After growing by 3% in 2019, Botswana’s economy contracted by an estimated 8.9% in 2020. The most affected sectors are trade, construction, manufacturing, hospitality and services, and transport. Fuel prices and lower demand contributed to a reduction of the annual inflation rate from 2.8% in 2019 to 1.9% in 2020. Real GDP growth is projected to recover to 7.5% in 2021 and 5.5% in 2022, based on the revival of domestic demand that is expected along with the reduction of impacts of the pandemic and slow reopening of global economies.

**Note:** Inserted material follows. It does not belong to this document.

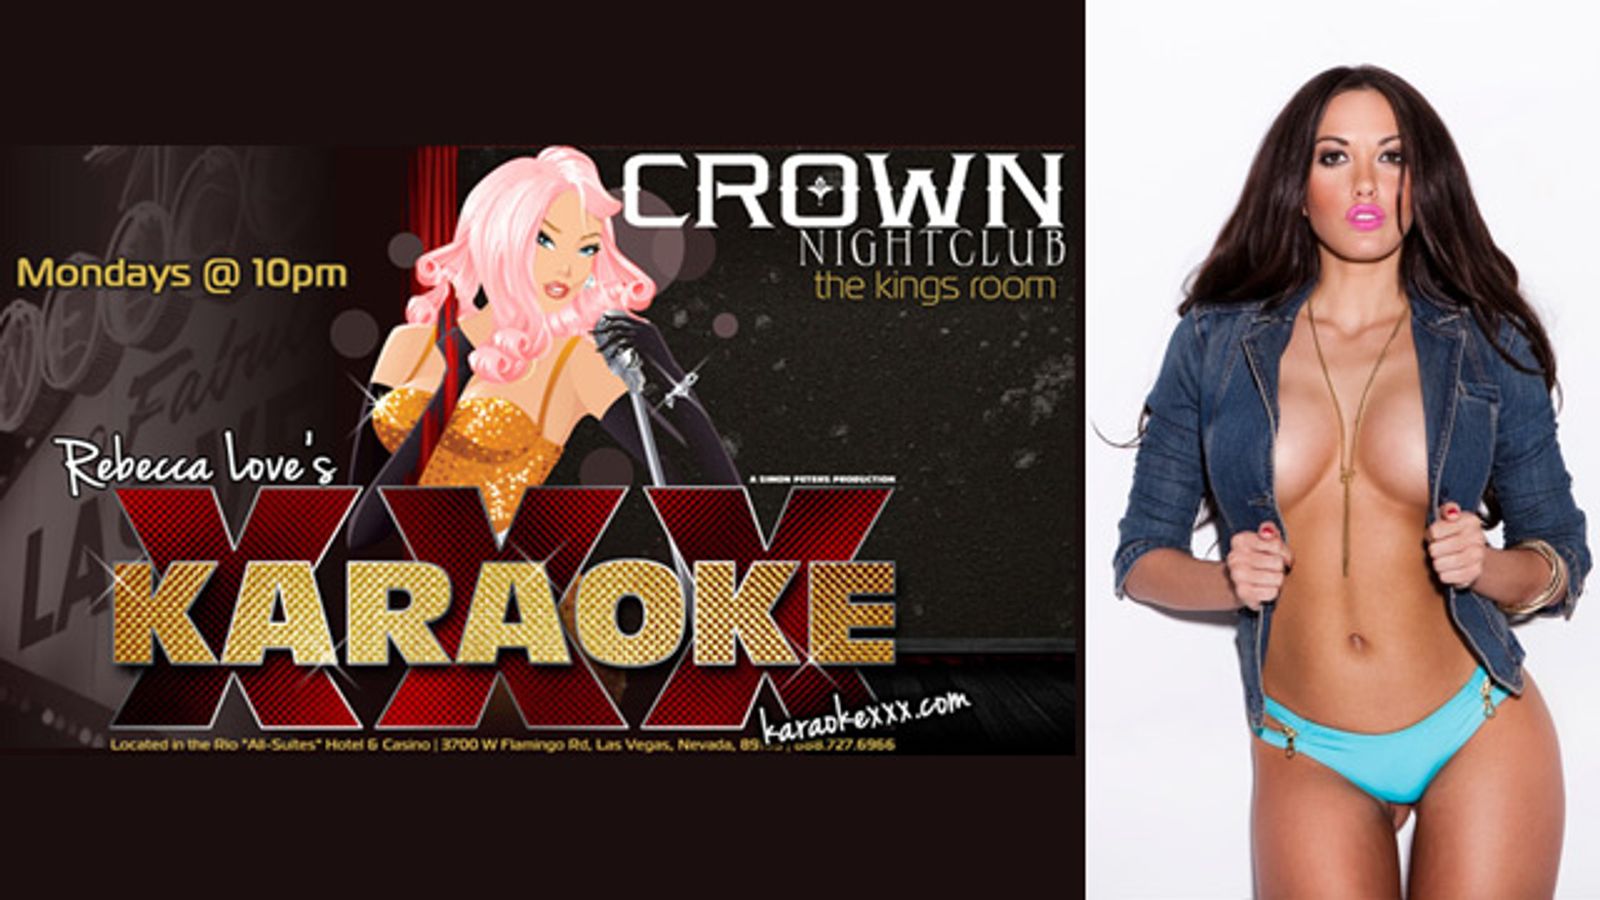 Karaoke XXX Moves to Kings Room at Vegas' Crown Nightclub

The moratorium on bank loan payments in Bulgaria has been extended to 23 March 2021, but this does not apply to borrowers of alternative lenders. Currently, the state of emergency is extended until the end of April. Culture and sports venues are allowed to work at 30% capacity. Hospitality venues offer services exclusively in outdoor seating areas until 23:00. Stores with more than 300 m2 can serve customers in the outdoor areas next to the main building. 

In 2020, the Bulgarian economy contracted by 4%. The International Monetary Fund (IMF) forecasts 4.1% growth in 2021 and 3.7% in 2022. 


Colombia hasn’t imposed a moratorium for borrowers during the pandemic.

With new cases, Colombia continues having local curfews. As of 7 April, foreign nationals and Colombian citizens will need a negative PCR test to enter the country by air. Private and public mass gatherings are prohibited, and local authorities are empowered to enforce business and movement-related restrictions in case of new increase in cases.

The country’s GDP has declined by 6.8% in 2020 – only government consumption grew. In 2021, the expected GDP growth is 4.8%. During the pandemic, additional healthcare spending, income support to households, wage subsidies, and extended credit lines have been facilitated by a temporary suspension of the fiscal rule. Public debt is expected to substantially rise, but it will remain manageable under the authorities’ plans which include higher revenues and public spending cuts from 2022 onward.

Czech Republic

As of April 2021, there is no moratorium for borrowers in the Czech Republic.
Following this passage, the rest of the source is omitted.